Department of Chemistry, College of Idaho, Caldwell, ID 83605, USA.
Analyst. 2018 Feb 26;143(5):1188-1196. doi: 10.1039/c7an01761h.
To simplify and improve the safety of reprocessing used nuclear fuel, an initial assessment was made of Raman microscopy applied to microfluidic volumes with a view toward the on-line spectroscopic measurement of highly radioactive solutions. This study compares a microscopic Raman probe (excitation focal point diameter 70 μm) to a larger, well studied probe (excitation focal point diameter 125 μm) used in prior investigations. This was done by chemometrically modeling and predicting concentrations of HNO solutions (0 M to 8 M) as they flowed through microfluidic cells based upon spectra from each probe. Spectra recorded for each probe using the same static HNO solution set contained in 2 dram glass vials were used as training sets to produce models for the respective probes. Modeling required baseline, normalization and smoothing preprocessing to compensate for a reduced path length between the static glass vial training set (4 cm) and the reduced path length flow cell (1 cm), wide ranging solution concentrations, and the associated non-linear spectral changes, and abrupt and uneven concentration changes of flowing solutions. The micro-Raman probe is able to produce spectra that may be analyzed chemometrically to accurately predict the concentration of flowing HNO solutions down to microliter volumes. Based upon RMSECV and RMSEP modeling statistics concentration predictions of the micro-Raman probe are comparable to those obtained for a macro-Raman on identical samples.

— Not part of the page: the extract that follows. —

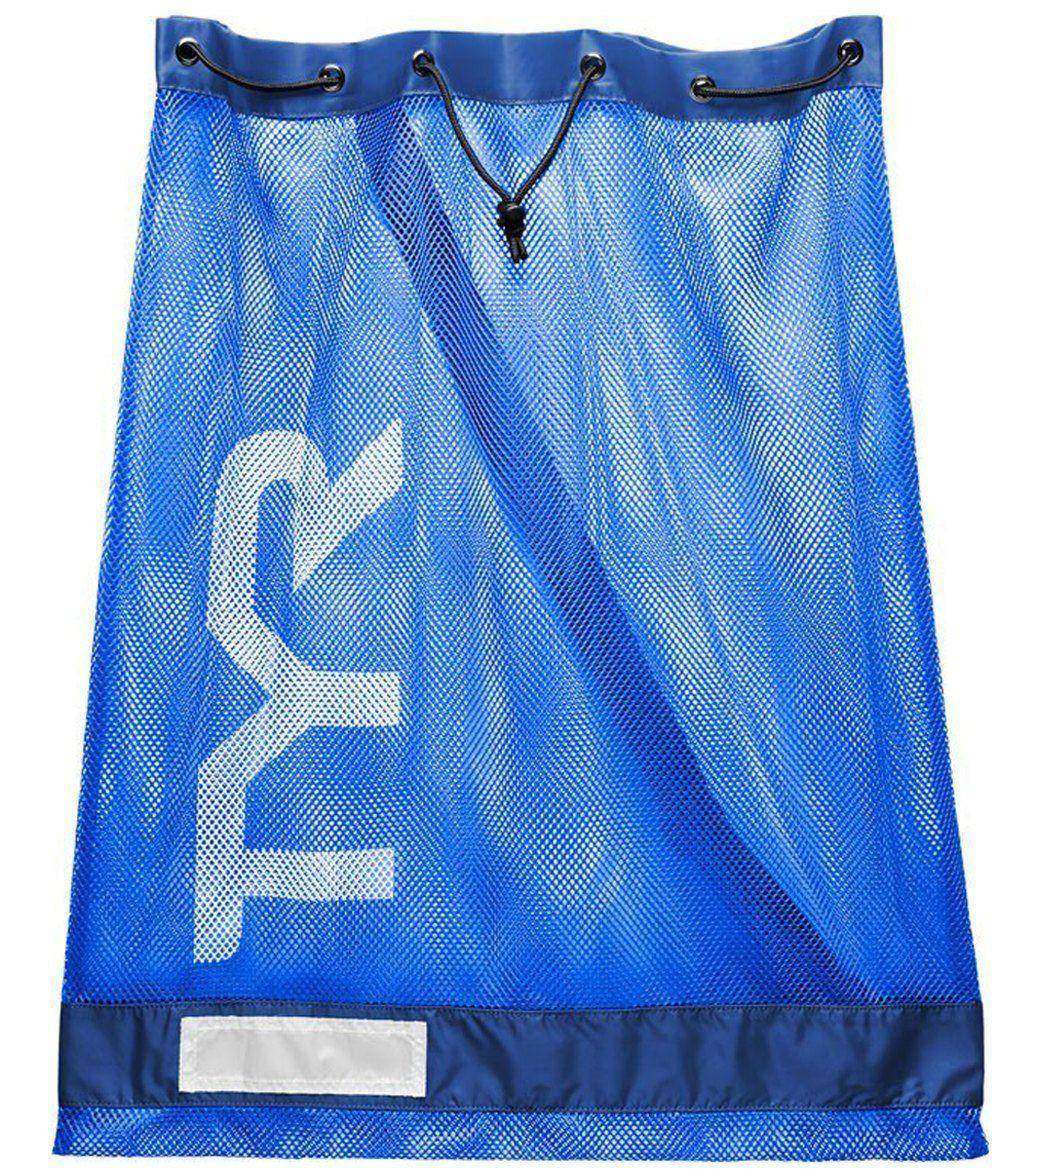 Blue coloured TYR mesh swim bag copy
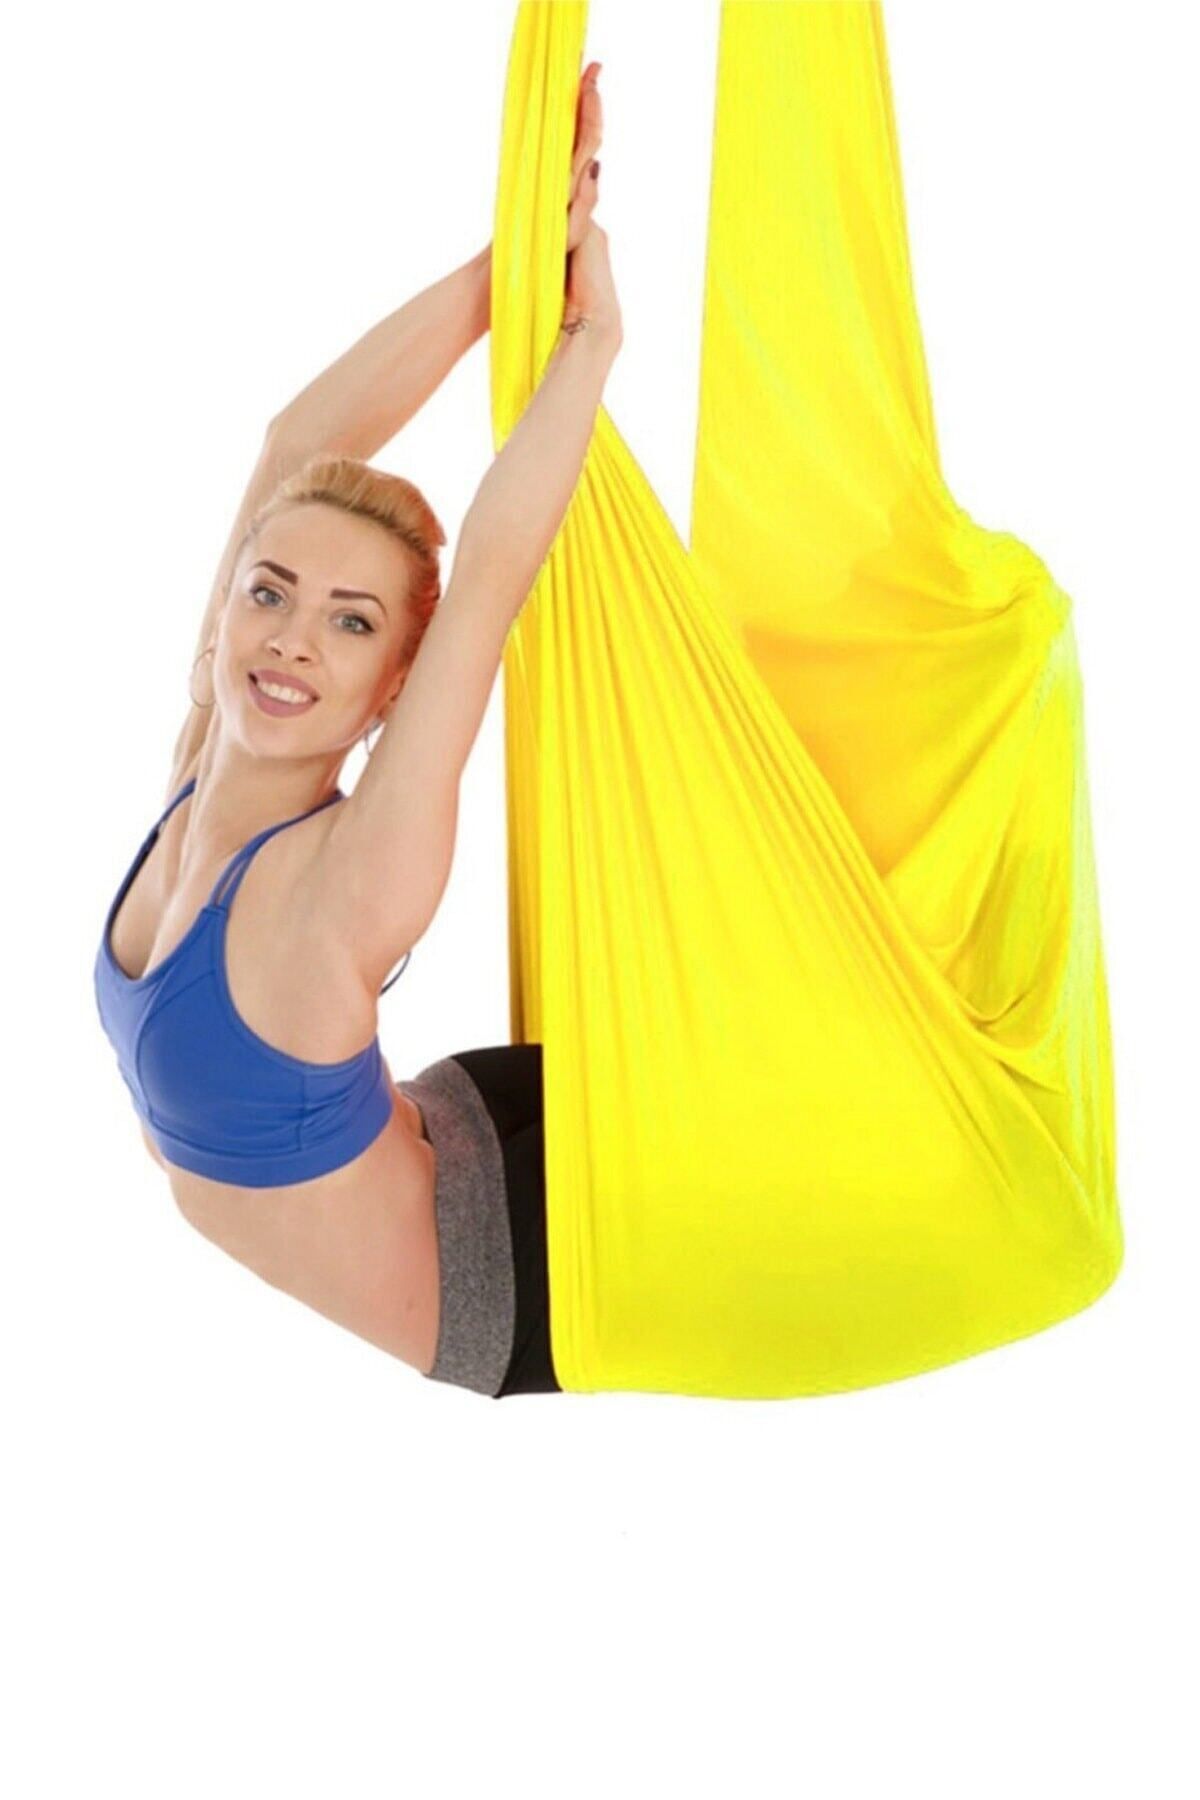 Bundera Yoga Fly Hamağı Sarı Tavana Askılı Yer Çekimsiz Fitness Pilates Hava Akrobasi Egzersiz Denge Aleti

为简化和提高再处理使用过的核燃料的安全性,初步评估了拉曼显微镜在微流体积中的应用,以期在线测量高放射性溶液的光谱。本研究通过化学计量建模和预测 HNO 溶液(0M 至 8M)的浓度,比较了微尺度拉曼探头(激发焦点直径 70μm)和先前研究中使用的较大、研究较好的探头(激发焦点直径 125μm)。这是通过从每个探头的光谱来完成的,这些溶液流经微流控单元。每个探头记录的光谱用于相同的静态 HNO 溶液集,该溶液集装在 2 dram 玻璃小瓶中,用作训练集,以分别为各个探头生成模型。建模需要基线、归一化和平滑预处理,以补偿静态玻璃小瓶训练集(4cm)和减小的流动池路径长度(1cm)之间的路径长度减小、广泛的溶液浓度以及相关的非线性光谱变化以及流动溶液的急剧和不均匀浓度变化。微拉曼探头能够产生可通过化学计量分析进行分析的光谱,以准确预测流动 HNO 溶液的浓度,直至微升体积。根据 RMSECV 和 RMSEP 建模统计数据,微拉曼探头的浓度预测与在相同样品上获得的宏观拉曼的预测相当。